Fear just sold more copies in its first week than any book in publisher's history

Over a million copies have been purchased.

fear
Photo: Win McNamee/Getty Images; Simon + Schuster

Who says the book business is dying?

Simon & Schuster announced Tuesday that Fear, Bob Woodward’s blockbuster exposé of the day-to-day dysfunction in the Trump Administration, has sold more copies in its first week than any book in the publisher’s storied history. You read that correctly: With 1.1 million Fear units ordered, it’s the biggest first-seven-days success that Simon & Schuster has ever seen. Fear is already in its 10th reprint. (It was published on Sept. 11.)

The news is particularly remarkable given that Fear is only the latest book revealing the inner-workings of the Trump White House to grab headlines. Michael Wolff’s Fire and Fury started the trend at the beginning of the year, and sold 500,000 copies within two weeks. James Comey’s A Higher Loyalty fared even better, topping 300,000 sales in its first week. And by comparison, Omarosa Manigault-Newman’s memoir Unhinged sold a paltry 34,000 units over those initial seven days. But all were no. 1 New York Times best-sellers, an indication of just how mammoth Fear‘s numbers are right now.

Fear, like Fire and Fury, features hundreds of interviews with insiders and firsthand witnesses to what’s gone on inside of the Trump bubble. But the book has been met with even more interest and coverage because, unlike Michael Wolff’s gossipy and unreliable reputation, Woodward is a distinguished, highly respected journalist with a proven track record when it comes to getting to the truth about U.S. presidents. In the book, Woodward claims Defense Secretary Jim Matthis described Trump as having the understanding of “a fifth or sixth-grader”; that chief of staff John Kelly called the president “an idiot”; and that Trump refers to Attorney General Jeff Sessions as a “traitor” and a “dumb Southerner.”

The overall portrait Woodward paints is one of widespread, alarming dysfunction in which staffers ignore Trump’s bluster and extremism for the preservation of the country’s order. (Perhaps the most publicized example: In April 2017, Trump called Mattis and said he wanted to assassinate Syrian dictator Bashar al-Assad. “Let’s f—ing kill him!” Trump is quoted as saying. “Let’s go in. Let’s kill the f—ing lot of them.” Mattis, per Woodward, then told a senior aide, “We’re not going to do any of that. We’re going to be much more measured.”)

In a statement, White House Press Secretary Sarah Huckabee Sanders said, “This book is nothing more than fabricated stories, many by former disgruntled employees, told to make the president look bad.” Kelly issued a statement denying that he “ever called the President an idiot.”

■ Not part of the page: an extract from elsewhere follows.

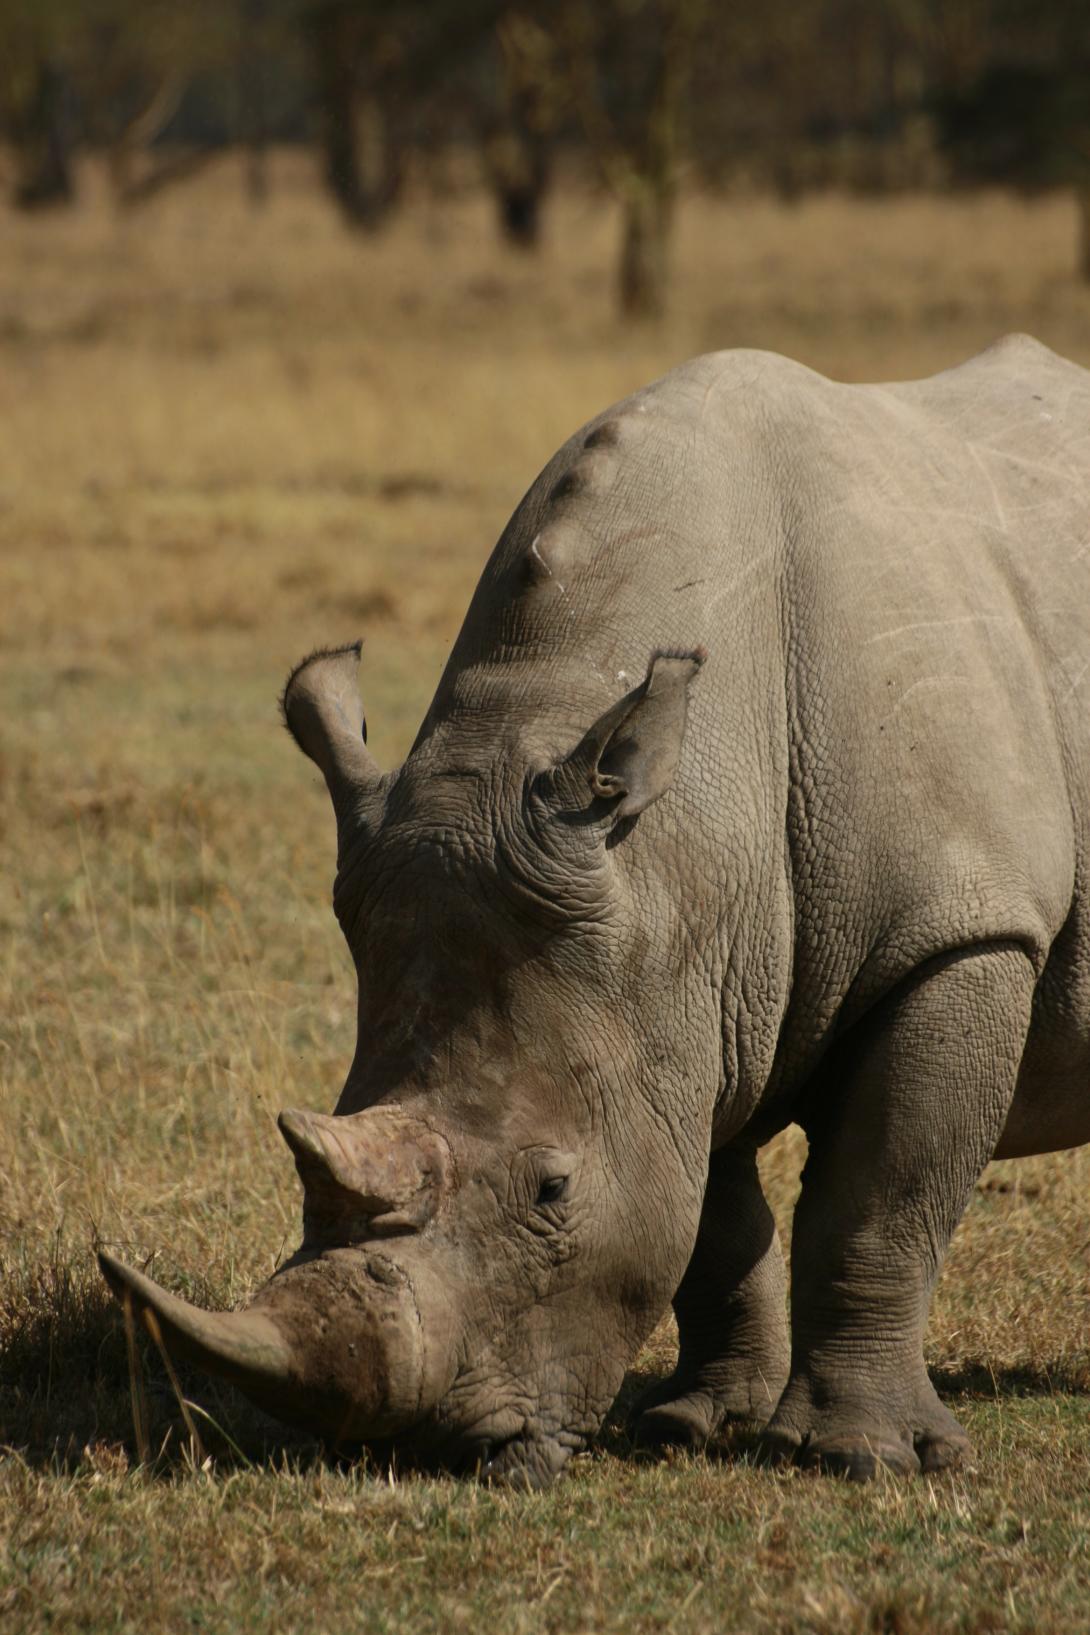 Wildlife volunteers can work with rhinos

Of course, Fear isn’t ending the trend. Several books are still coming down the pike, including Stormy Daniels’ memoir, which reportedly includes a rather grotesque description of the president’s anatomy, and a newly-announced tell-all from Andrew McCabe, the Deputy FBI Director who Trump controversially fired.

Safe to say, at least, that they won’t be beating out these numbers.

This headline has been updated to reflect that the amount of first-week copies sold was the most in Simon & Schuster’s history, not publishing at large.